Skills are modular packages containing instructions, scripts, and resources that enable AI to dynamically load specialized knowledge. At its core is the Progressive Disclosure mechanism: Claude only invokes expert skills when needed, preventing context window overload. It’s like hiring consultants on demand rather than cramming every expert into the same conference room at astronomical cost. More importantly, it fixes MCP’s flaw of consuming tens of thousands of tokens at startup, making AI toolchains truly scalable and flexible.
This article explains why Claude Skills is groundbreaking and compares it with other popular Claude features so you won’t get confused!

What Are Claude Skills?#
Imagine you’re a CEO with financial experts, legal advisors, marketing gurus, and specialists across various domains. You wouldn’t demand that everyone report their entire expertise to you every morning. You only need to know: who’s good at what, then call the right person when problems arise.
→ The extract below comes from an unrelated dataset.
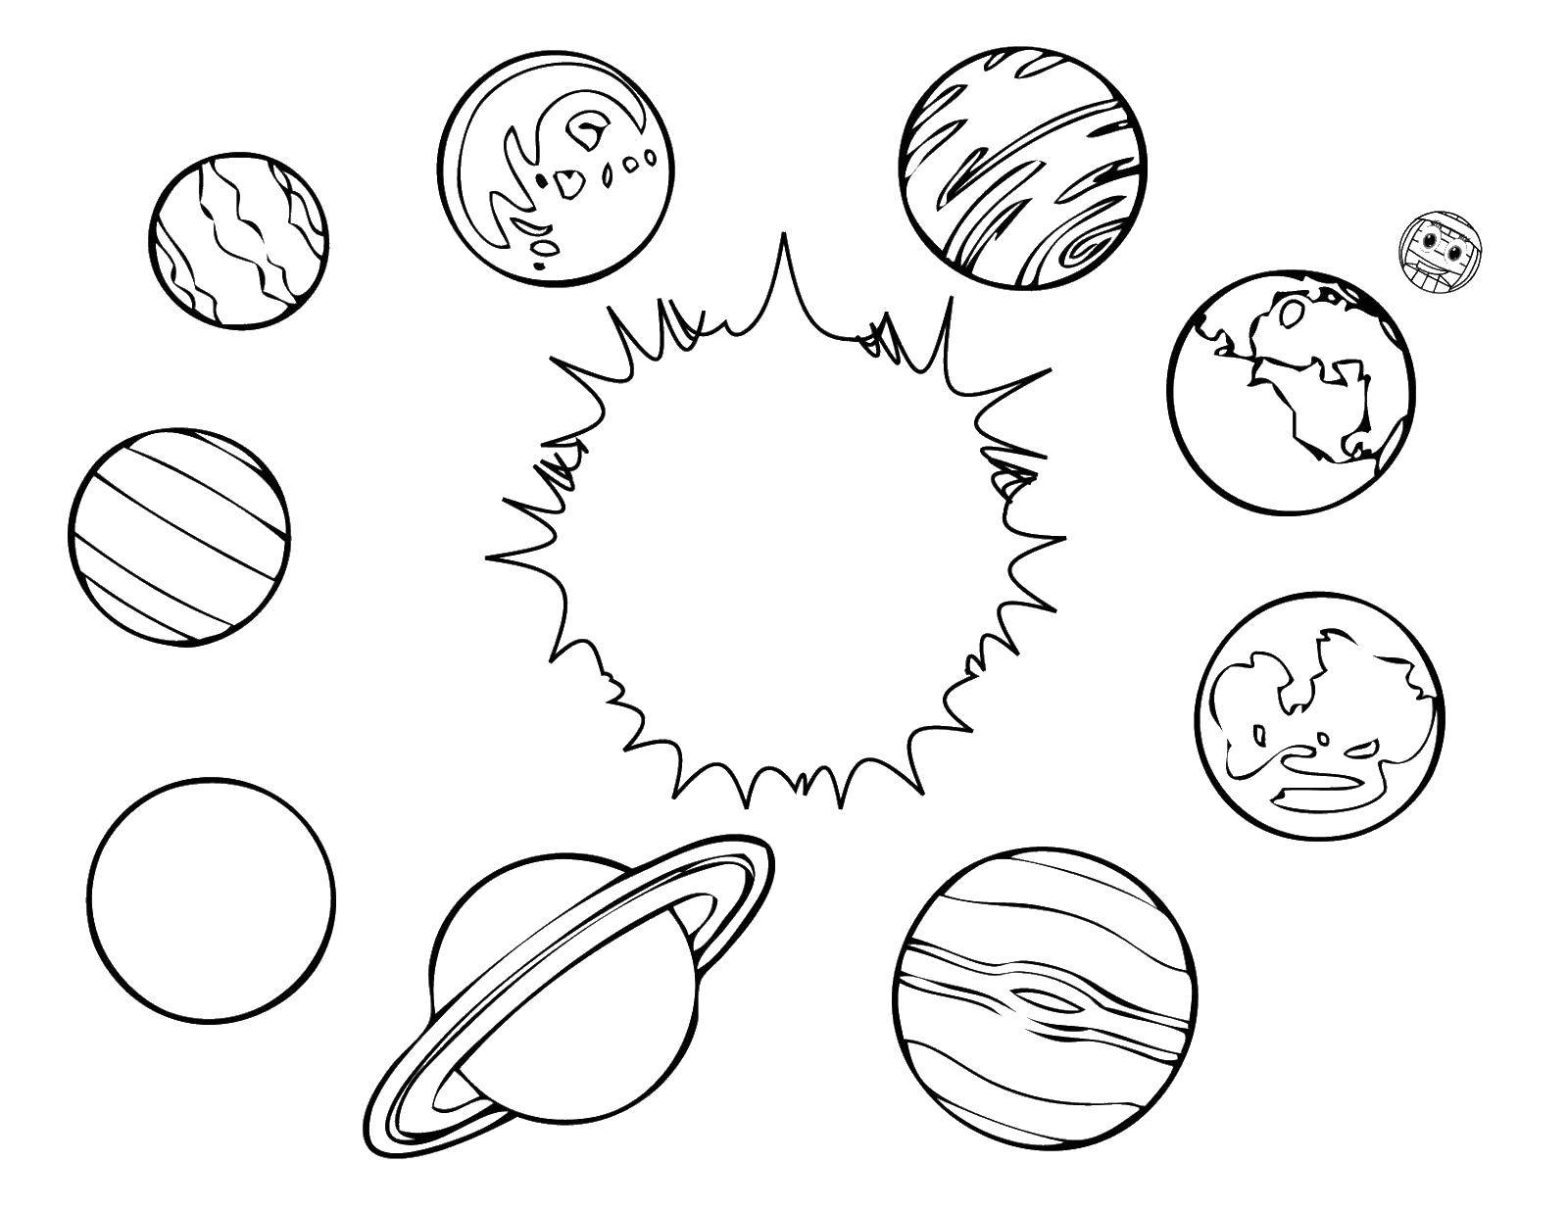 Раскраска космос для детей. Раскрась изображения солнечной системы, планет и солнца. (планеты, солнечная, система, солнце)

Claude Skills works exactly this way. It’s a folder containing instructions, scripts, and resources that grants Claude AI domain-specific expertise. In reality, a standard Skill requires just:
- A
SKILL.mdfile (see explanation below) - Subfolders (optional):
scripts/(stores executable code like Python/JavaScript) andresources/(stores templates or reference documents) - (You can study Claude Skills architecture in the official open-source project)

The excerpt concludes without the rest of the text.